В той истории реализма, которая за последние годы создана стараниями советских ученых, есть заметное белое пятно — это литература XVII в. Мы признаем существование реализма ренессансного, просветительского, критического реализма XIX—XX вв. и социалистического реализма... Но есть ли у нас работы о реализме XVII в.? Правда, век этот начинается лучшими трагедиями Шекспира, к его первой трети относится появление прозы Сервантеса и многих лучших произведений Лопе де Вега; но их относят к ренессансному реализму, а подчас даже подтягивают к средневековым ситуациям духовной жизни. Если последнее вызывает возражения, то взгляд на этих авторов как на наиболее ярких представителей ренессанского реализма мне представляется верным. Да, но за ними — обширная лакуна, из которой исключается лишь «Буржуазный роман» Фюретьера,— лакуна вплоть до Д. Дефо, с которого уже начинается роман просветительский.

Между тем нам известно широкое развитие реализма в изобразительном искусстве Западной Европы XVII в.; реализм Веласкеса, Ван-Дейка, наконец, «суровый реализм» Рембрандта не позволяют сомневаться в существовании могучего реалистического искусства в этом столетии — притом я беру имена, «лежащие», как говорится, «на поверхности» истории искусства. Что же касается истории литературы, то если в ней и есть замечания о развитии реалистического словесного искусства, они идут либо как соображения о реалистическом таланте Мольера и Лафонтена, выходящего за рамки нормативной эстетики классицизма, либо выступают как определения варианта барокко; при этом фигурирует даже термин «барочный реализм», пущенный в оборот таким тонким исследователем, как Л. Е. Пинский, который чувствует реализм в литературе XVII в., но отдает первенство барочным элементам в реалистической прозе этого столетия.

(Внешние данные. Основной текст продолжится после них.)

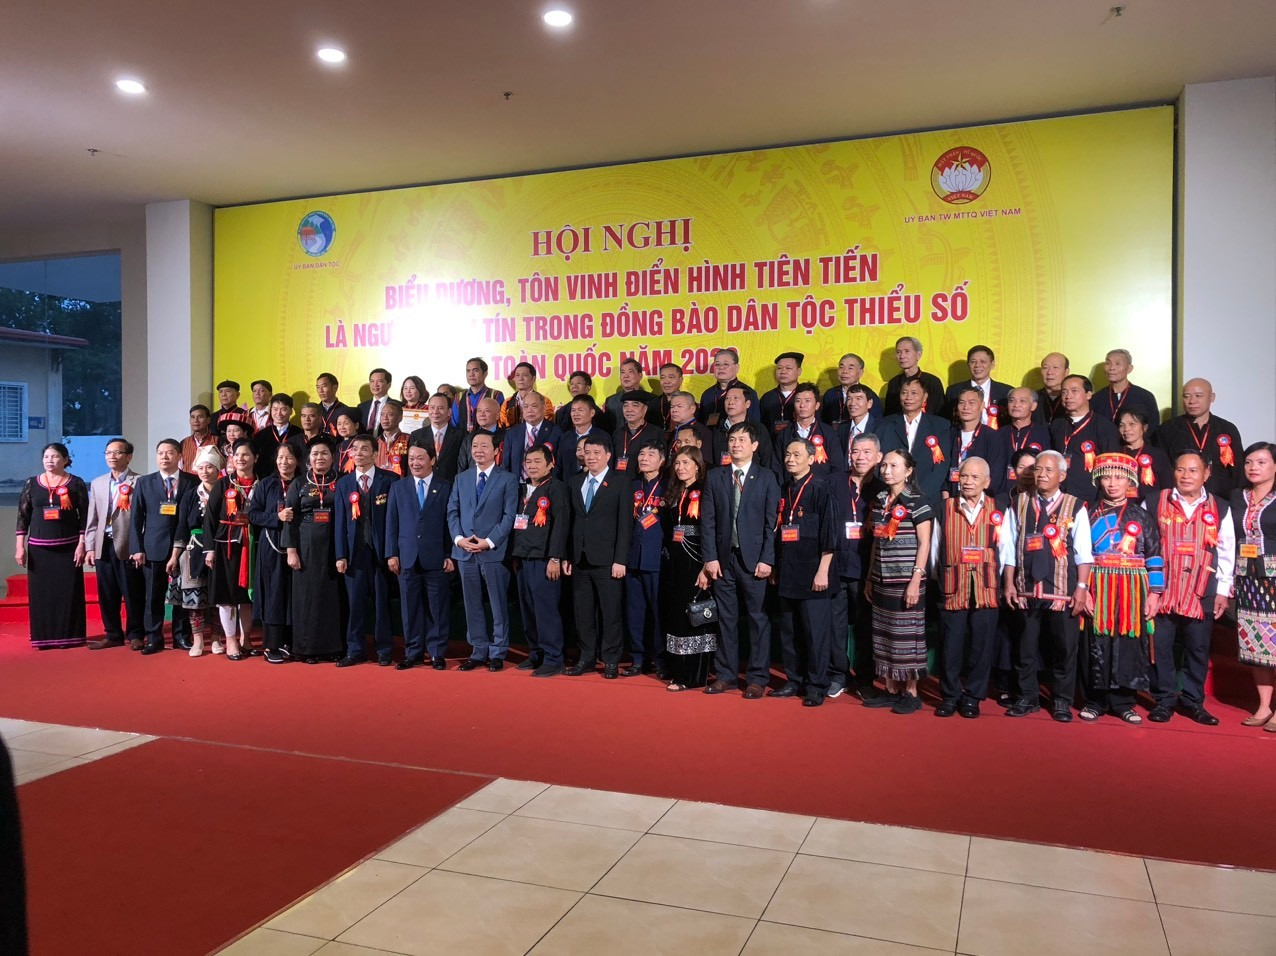 Đoàn Đại biểu người có uy tín tỉnh Quảng Ngãi tham dự Hội nghị biểu dương, tôn vinh điển hình tiên tiến là người có uy tín trong đồng bào dân tộc thiểu số toàn quốc năm 2023 tại Hà Nội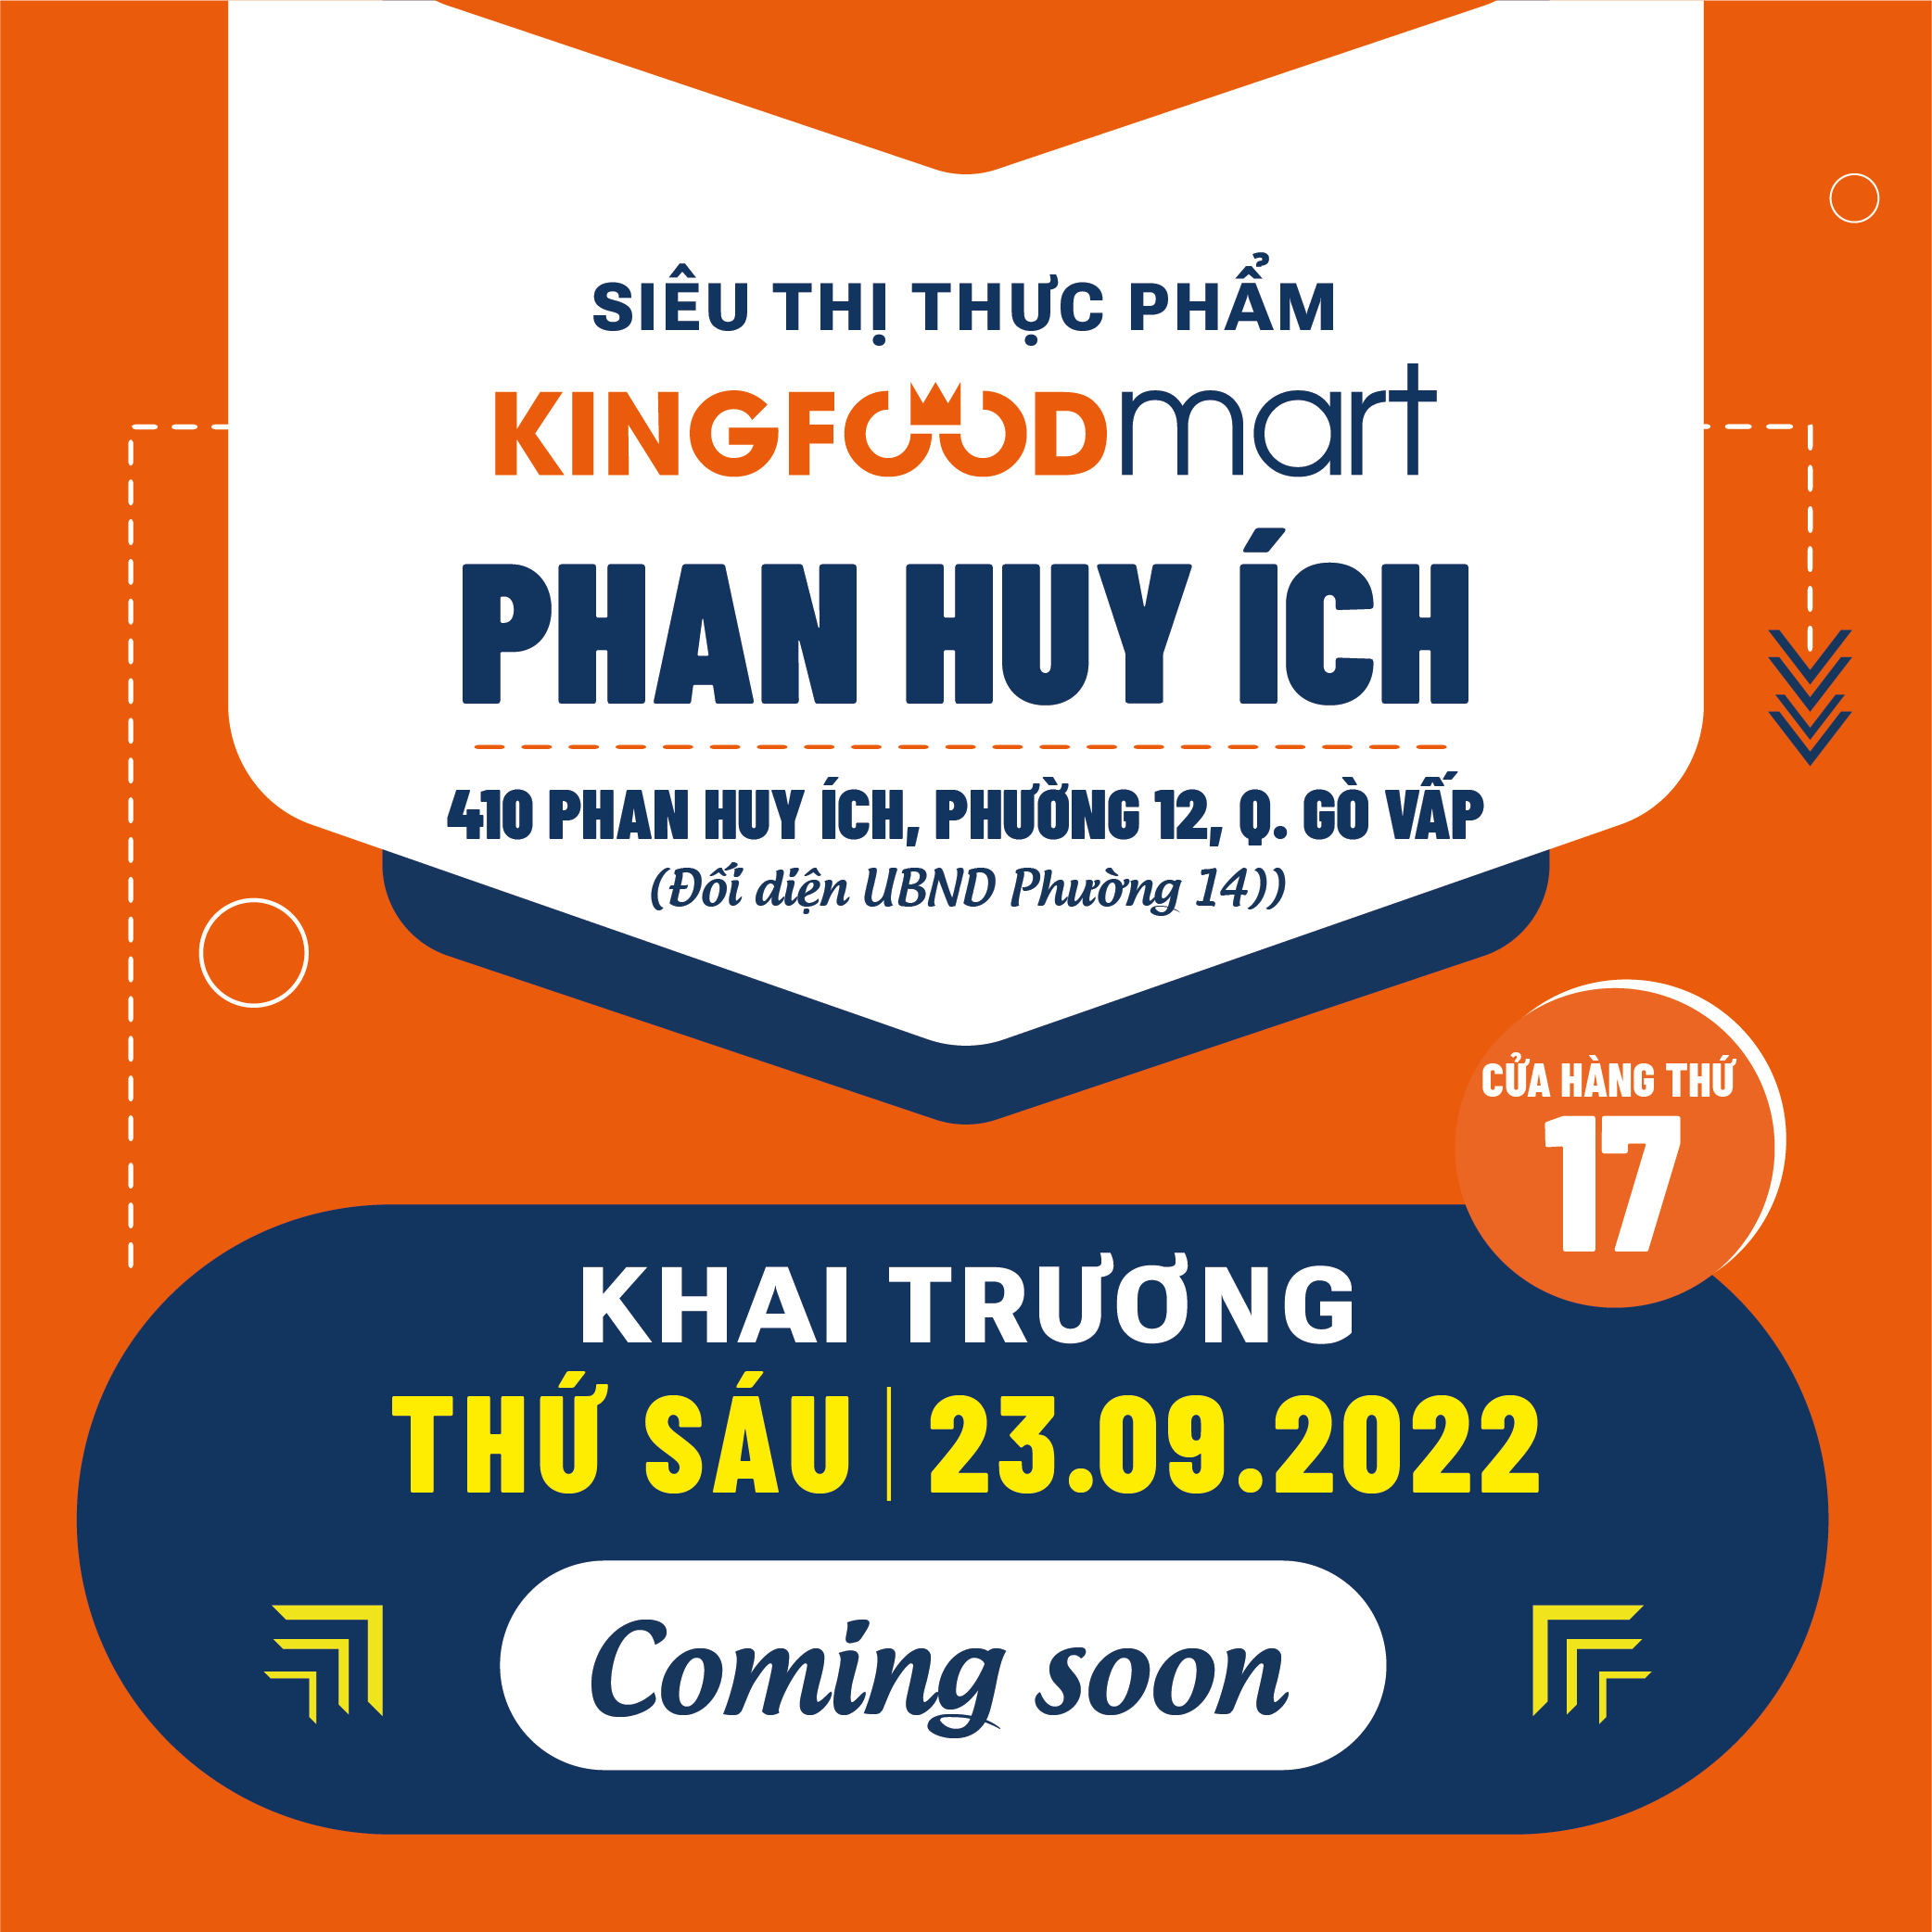 Ưu Đãi Tưng Bừng Mừng Khai Trương Kingfoodmart Phan Huy Ích

Мне представляется, что эти точки зрения, допускающие реализм в литературах XVII в. только в виде привходящих явлений классицизма или барокко, связаны с двумя ошибочными концепциями. Согласно одной — достаточно старой — XVII век был «эпохой классицизма»/При этом игнорируется то обстоятельство, что классицизм, начиная от Малерба и кончая Буало, утверждал себя именно в борьбе с другими направлениями в литературе своего времени, о чем достаточно ясно свидетельствует хотя бы яростная полемичность «По-этического искусства». Другая концепция, истоки которой уходят в конец XIX в., но которой суждено было расцвести в XX в. и особенно после второй мировой войны, считает XVII век «веком барокко». Между двумя войнами над этим превращением богатейшей и необыкновенно разнообразной литературы XVII в. в царство барокко потрудились так называемые «сенчентисты»— литературоведы, стремившиеся изолировать XVII век («сенченте») от других эпох литературного развития Западной Европы. Среди «сенчентистов», отдавших предпочтение барокко, настойчивостью и широким масштабом исследований особенно выделялся Марио Прас. После второй мировой войны, опираясь главным образом на исследования немецких филологов XX в., американские литературоведы выдвинули теорию некоего универсального барокко, явления которого они видели и во французской литературе, относя к ним и прециозную литературу, и в литературе английской, занося в разряд барочных писателей Д. Донна и так называемых метафизиков. Мне кажется, если и есть основания для того, чтобы рассматривать эти явления французской и английской литературы в плане барокко, то с очень большими оговорками, настолько серьезными, что проще будет оставить прециозных писателей и англокатолическую школу поэтов под старыми и привычными их именами. Стремление присоединить их к действительно барочной позиции маринизма и культеранизма и к некоторым произведениям немецкой литературы, по вполне понятным причинам близкой к барочному искусству католических стран, ведет к заметному упрощению и пренебрежению национальной спецификой развития французской и английской литературы XVII в.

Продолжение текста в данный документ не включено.